Saturday, July 31, 2010

Two Approaches To War On Terror: Pakistan Kills 1500 Taliban In 3 Weeks, U.N. Takes 5 Taliban Off Sanctions List


At the same time that Pakistan has decided enough is enough and have spent the last six months absolutely decimating the Taliban inside the NW quadrant of the country, the United Nations Security Council has decided to REWARD the Taliban in Afghanistan by removing five of the top brass from a sanctions list. The U.N. action is so bullshit that even the Russians were against it but of course, the Obama administration, after witnessing the most deadly month ever for U.S. troops in the Afghan War, think it's a real peachy idea.

From the report from the (gag me with a spoon) NYTimes:


The United Nations Security Council removed five members of the Taliban from its sanctions list on Friday, in a nod toward the kind of reconciliation considered crucial for Afghanistan’s future stability.

Among the five taken off the list Friday were Abdul Satar Paktin, a former deputy health minister; Abdul Salam Zaeef, a former Taliban ambassador to Pakistan and a former deputy minister of mines; and Abdul Hakim Mujahed Awrang, a former unofficial representative to the United Nations. The two dead men removed were Mohammed Islam Mohammadi, the former governor of Bamian Province, and Abdul Samad Khaksar, the former deputy interior minister.

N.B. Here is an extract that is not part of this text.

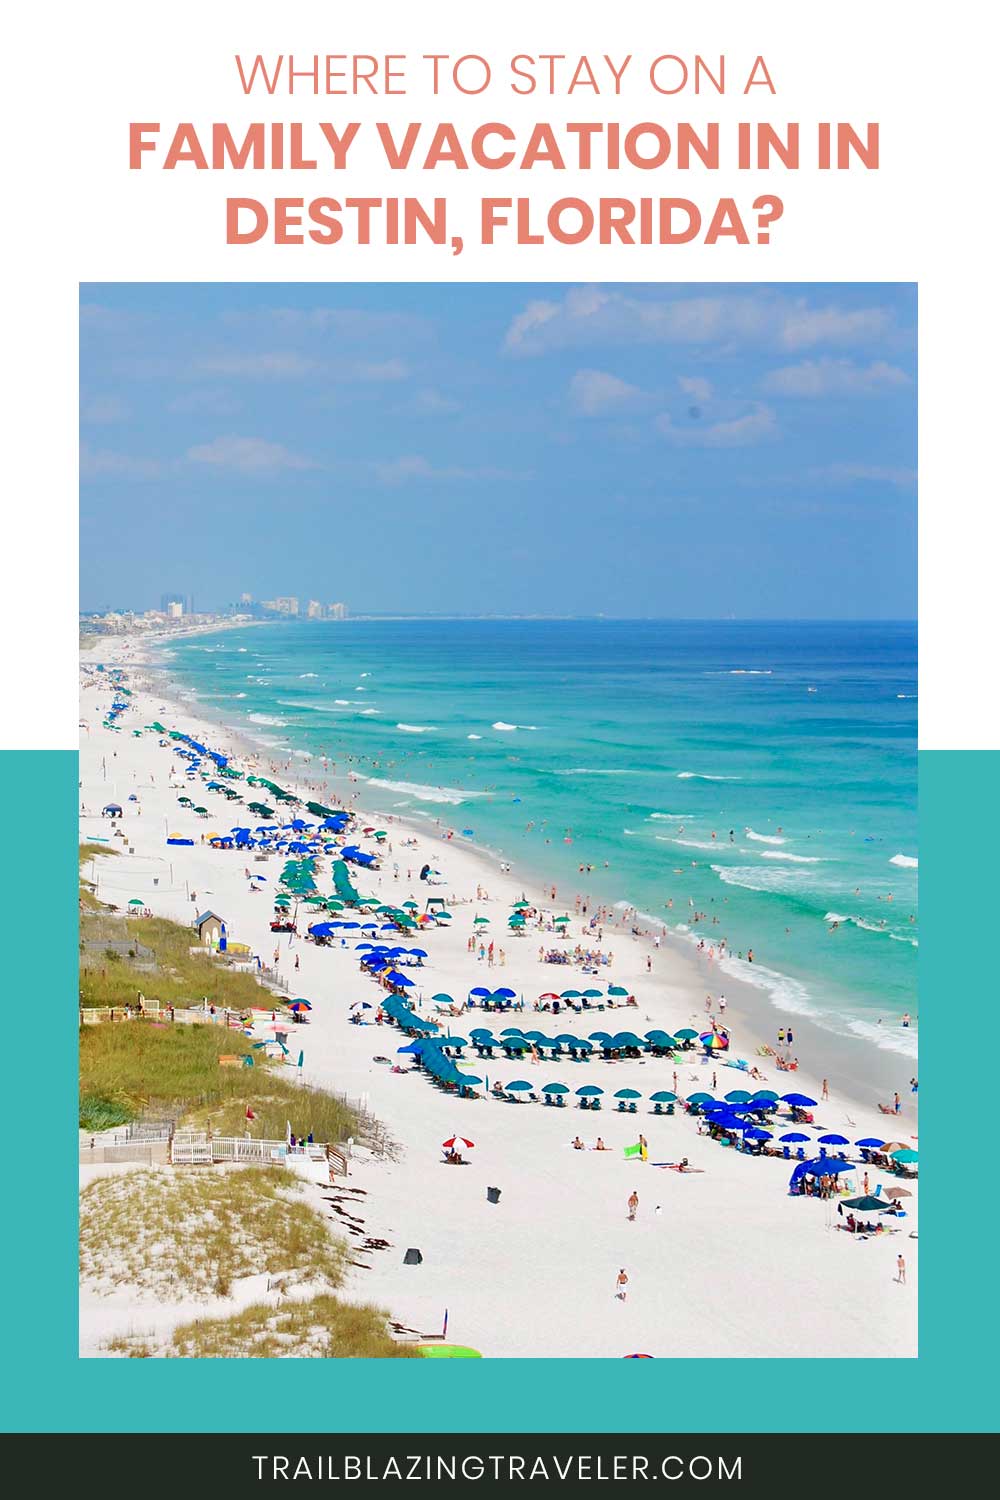 Where To Stay On A Family Vacation in In Destin, Florida?

Russia has been the most reluctant to accept removing any of the Taliban from the list, worried that their resurgence could help fuel militant Islam in the former Soviet republics of Central Asia and across the Caucasus. They contend even the assets of the dead might be put toward that end, diplomats said.
As is to be expected, the NYTimes writer also thinks this is a grand idea but the fact of the matter is that this whole idea of reaching out to the Taliban will backfire on the U.S., NATO and the Afghan government just like it did with the Pakistanis when they tried this week-kneed approach to this mongrel group of jihadi terrorists.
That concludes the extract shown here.